China proposes tariffs on $60 bn of US goods

China proposes tariffs on $60 bn of US goods

China proposes tariffs on $60 bn of US goods

Beijing's plans for tariffs on $60 billion of USA goods includes an additional 5 percent in duty on about 600 kinds of us products, including planes and computers; another 10 percent on nearly 1,000 products, including wigs and textiles; an extra 20 percent on more than 1,000 items, including some chemicals, cookers and paper; and an additional 25 percent on over 2,400 products such as meat, wheat, wine and liquefied natural gas.

In a series of tweets on Saturday, Trump said the USA market was "stronger than ever", while the Chinese market "has dropped 27 per cent in last 4 months, and they are talking to us".

Then there is what China says and on Thursday, Beijing urged the United States to "calm down" and return to reason after news that Trump may hike the tariffs from 10% to 25%.

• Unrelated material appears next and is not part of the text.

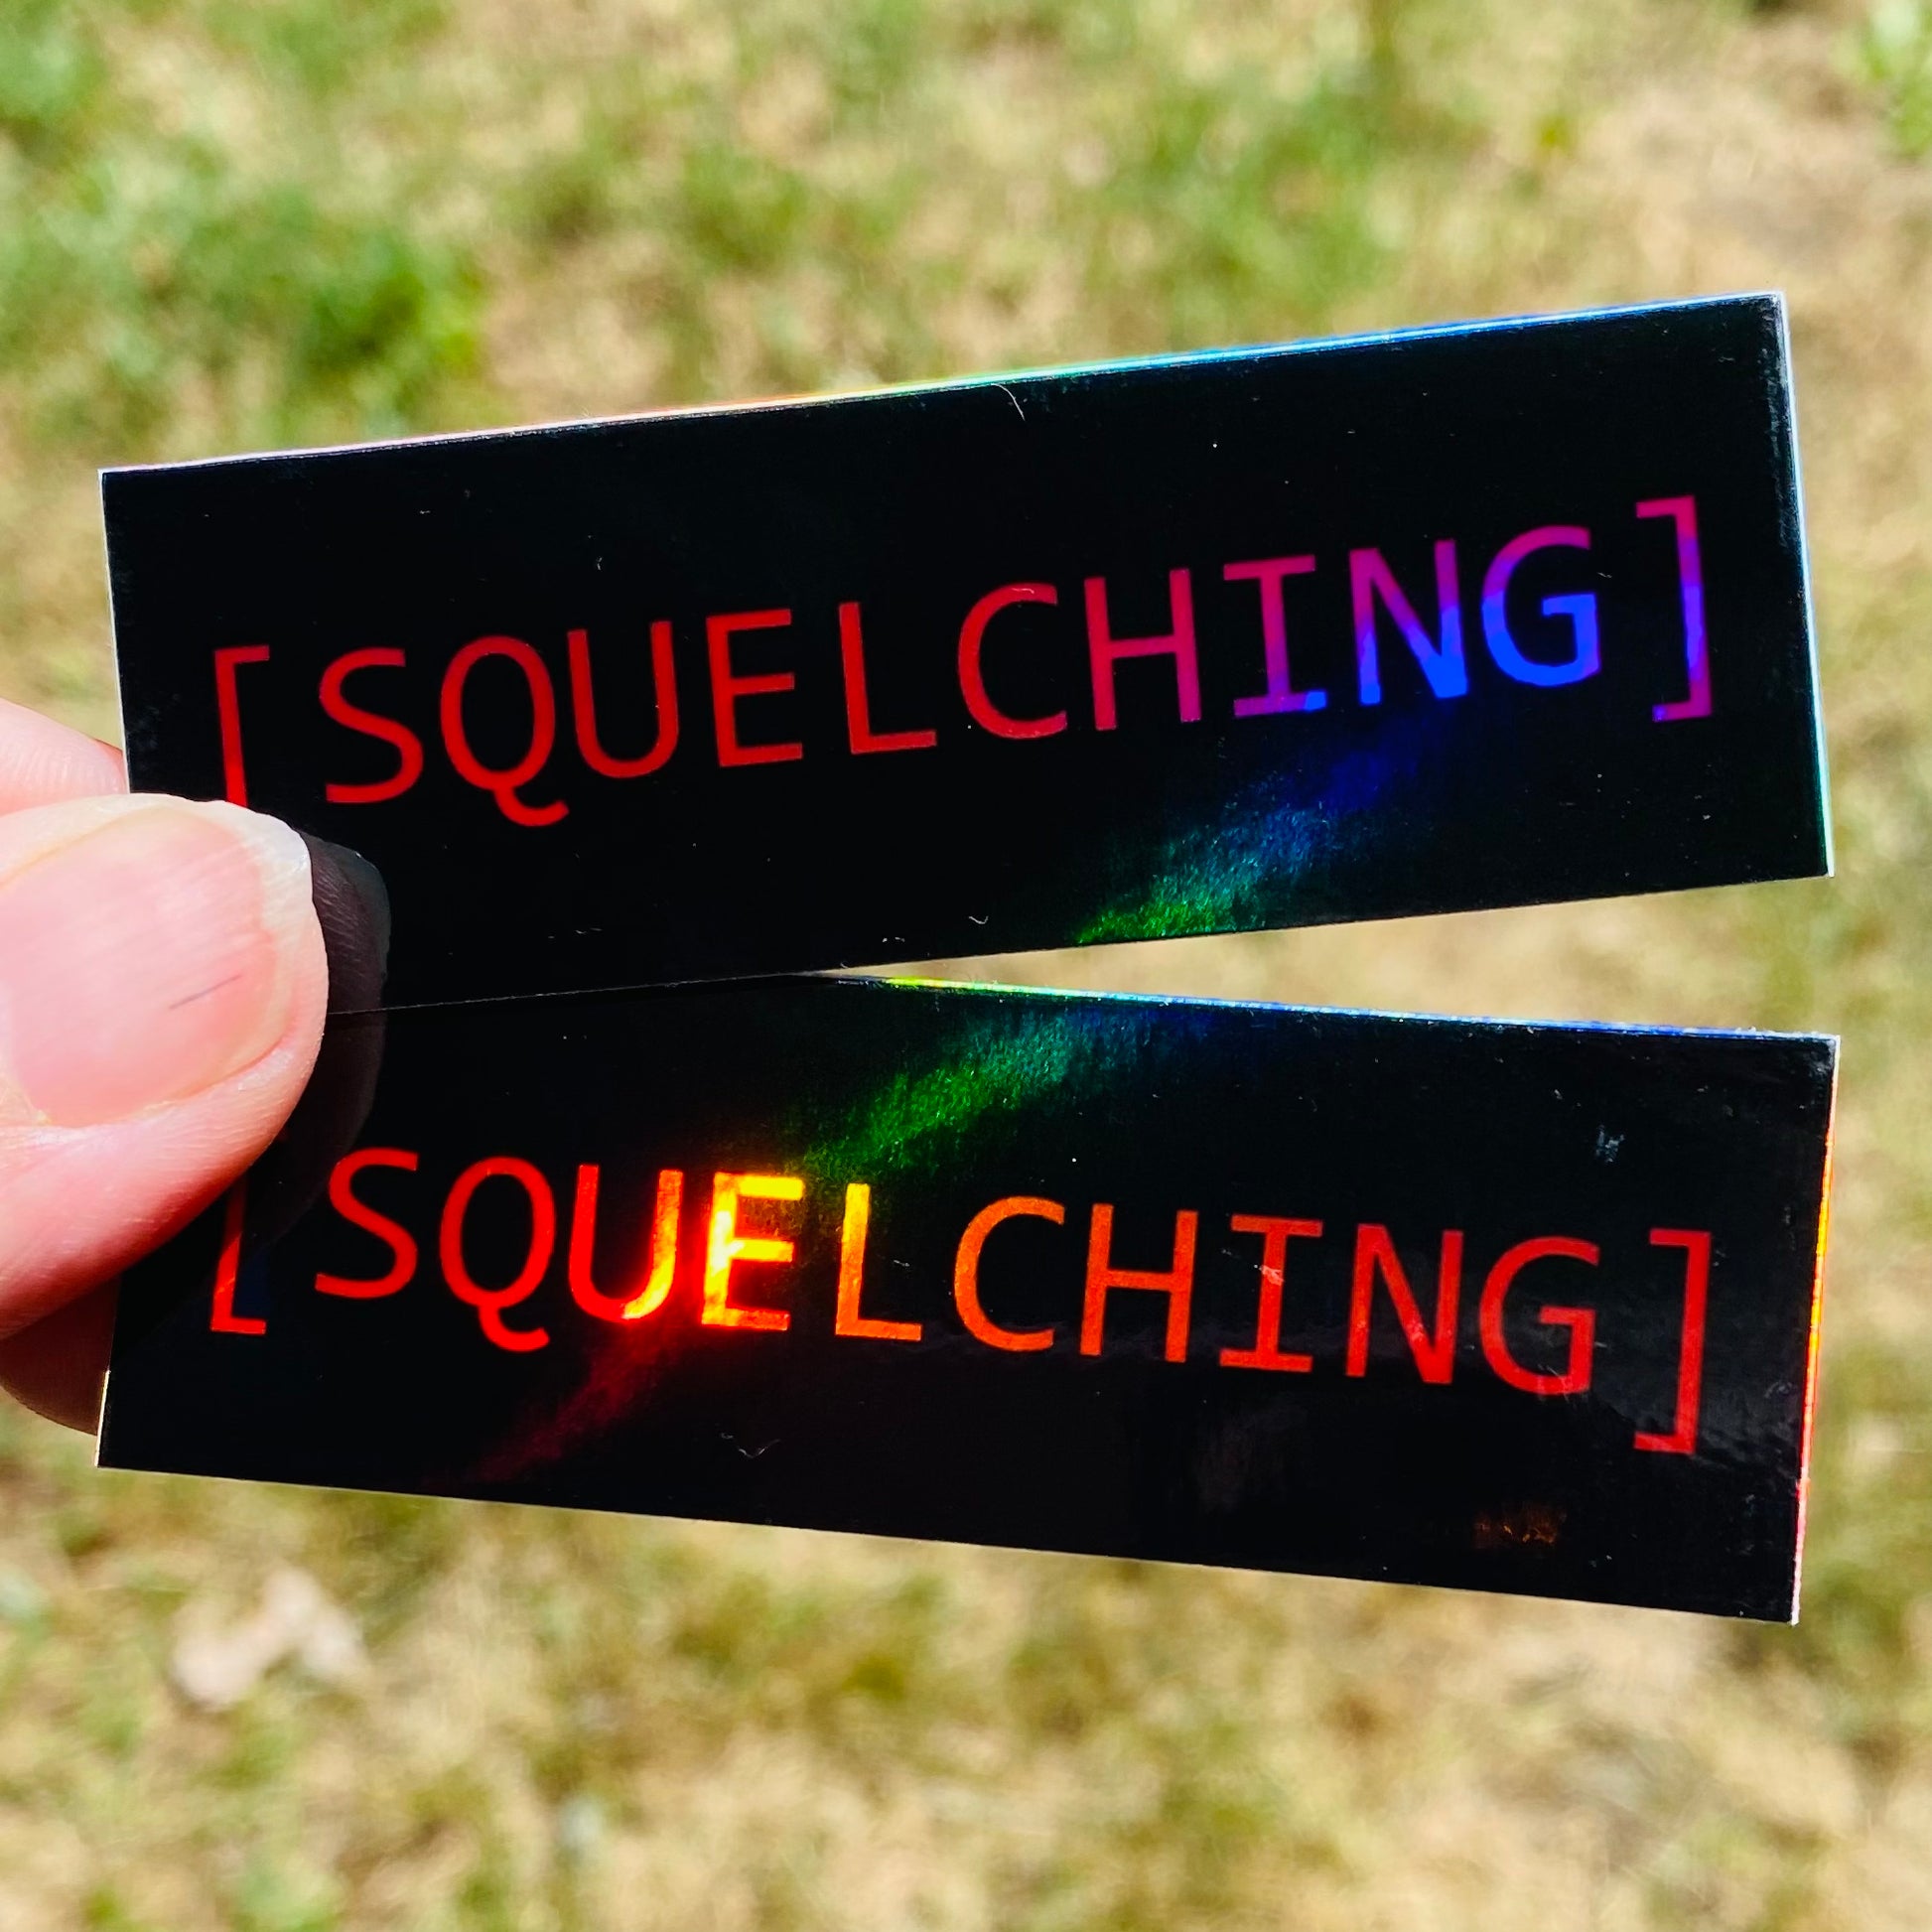 Holographic Sticker Sheet Printing in SG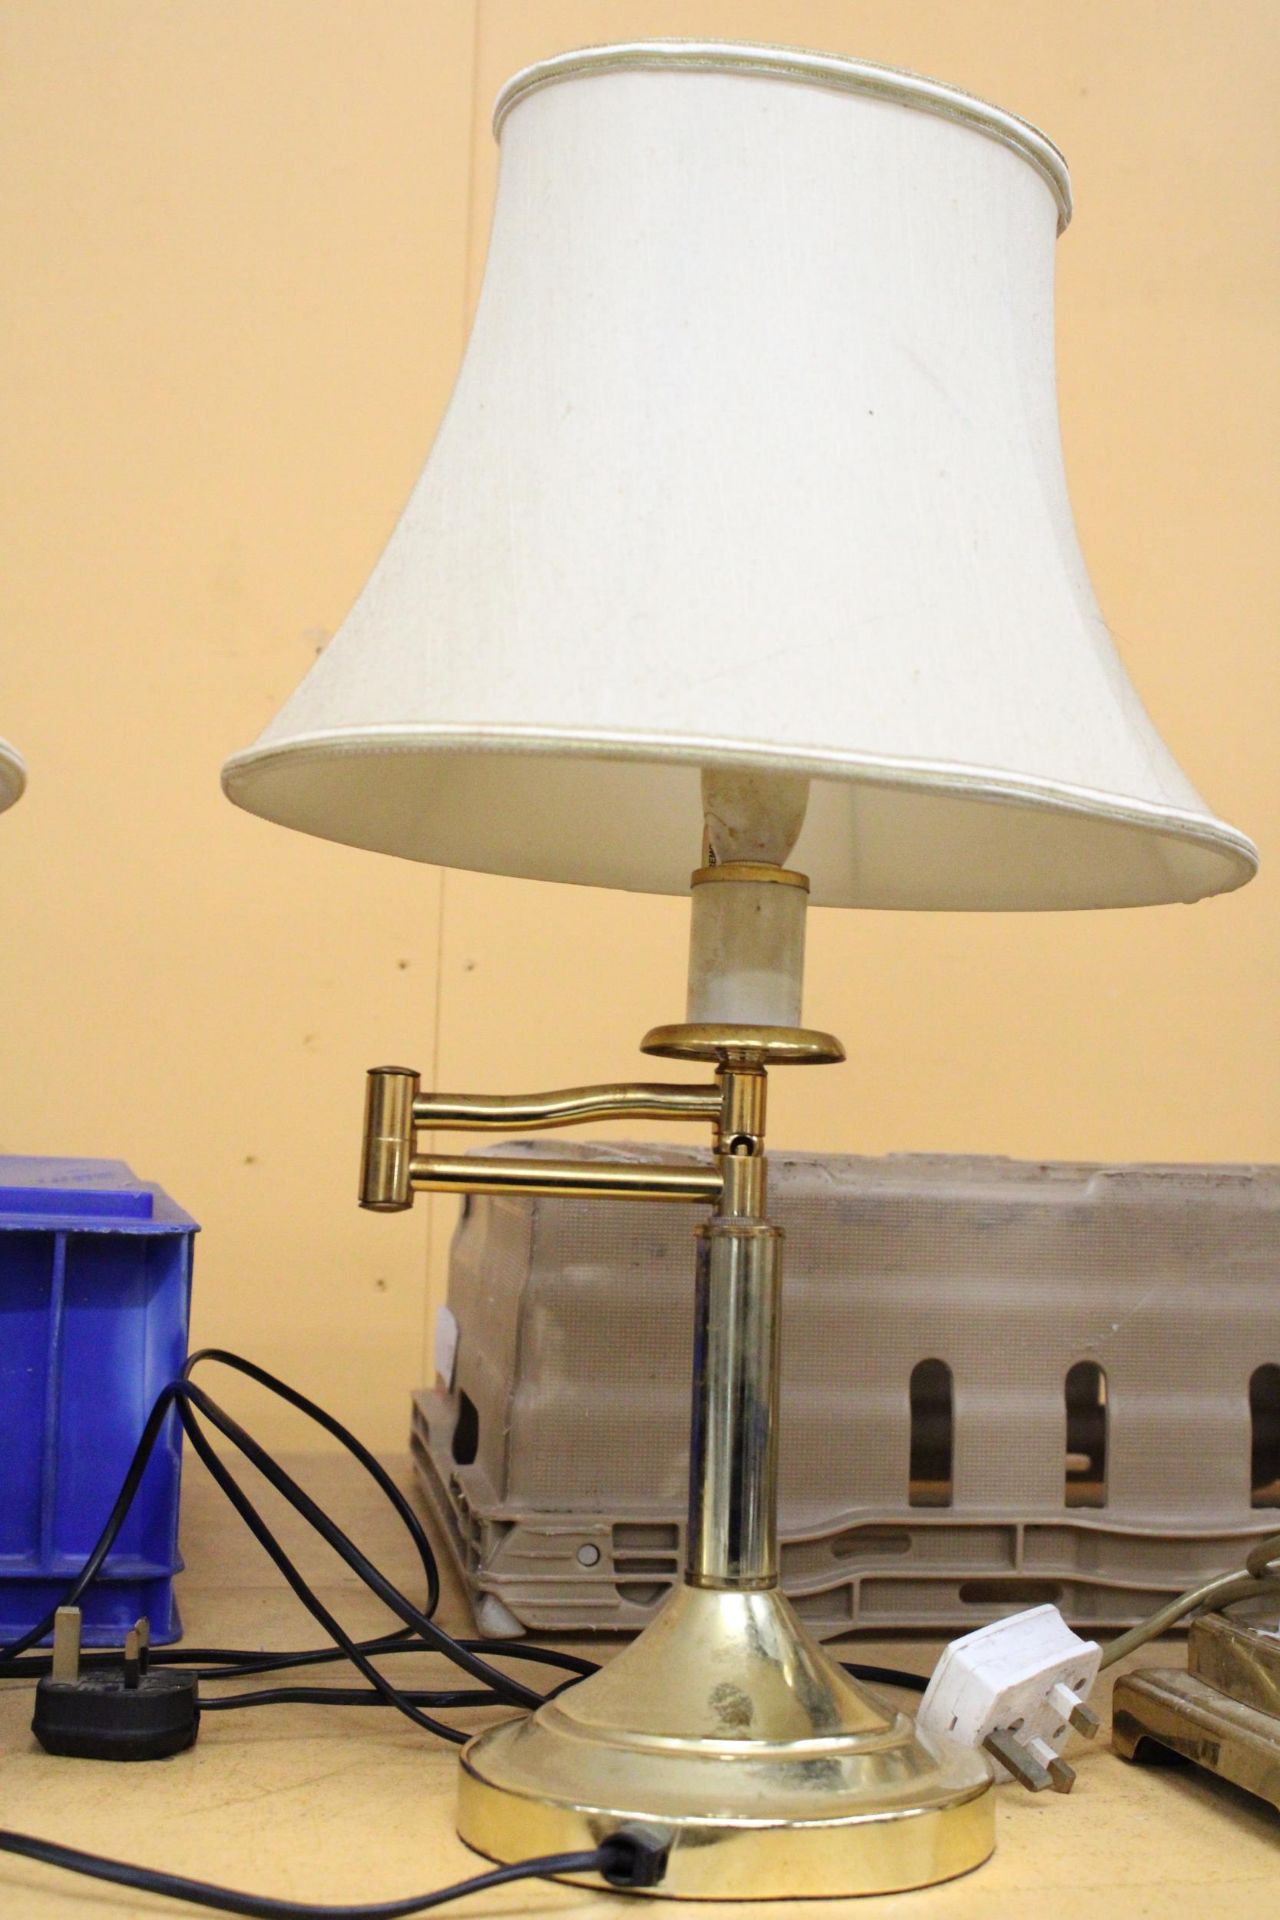 A PAIR OF VINTAGE SWING ARM BRASS LAMPS WITH SHADES - Image 3 of 5

But China exports far more to the United States than the other way round, making it more challenging for the country to hit back against USA tariffs. Last year, China imported about $130 billion of US goods.

Days later, Washington unveiled a list of another US$200 billion in Chinese goods, from areas as varied as electrical machinery, leather goods and seafood, that would be hit with 10 per cent import duties.

July 16: China filed another complaint to the WTO over Trump's $200 billion tariff plan.

The US trade deficit recorded its biggest increase in more than 1-1/2 years in June as the boost to exports from soybean shipments faded and higher oil prices lifted the import bill.

Trump's senior advisers, particularly White House National Economic Council Director Larry Kudlow and Treasury Secretary Steven Mnuchin, have said the White House's ultimate goal is to remove tariffs and trade barriers in a way that makes "free and fair trade", but Trump's message on Saturday evening was one of protectionism and economic restrictions, not open markets.

We had gone far toward creating a Trans-Pacific Partnership before Trump pulled out of it, and the other countries in those talks are moving forward without us.

The US and China: poles apart?

The United States and China have the world's biggest trading relationship but official ties are increasingly strained over complaints that Beijing's technology development tactics hurt American companies.

U.S. agricultural producers in particular are feeling the sting of the trade war.

The WSJ also cites "industry officials who have discussed the move with the White House" and who said that another, perhaps far more important reason for the tariff increase "is to compensate for the decline in the value of the yuan by about 6% over the past two months".

Therefore, the USA needs to continue escalating tariffs against China in order to secure concessions.

A lot of Republicans in Congress will tell you that they support President Donald Trump but disagree with him about trade. "Those are the things that concern us the most".

China has already retaliated against some of these measures.

"Every country on earth wants to take wealth out of the USA, always to our detriment", Trump tweeted, "I say, as they come, Tax them".

The irresolvable nature of these positions means that whatever talks, negotiations and manoeuvres may take place, the objective logic of events is towards intensification of the trade war and ultimately military conflict.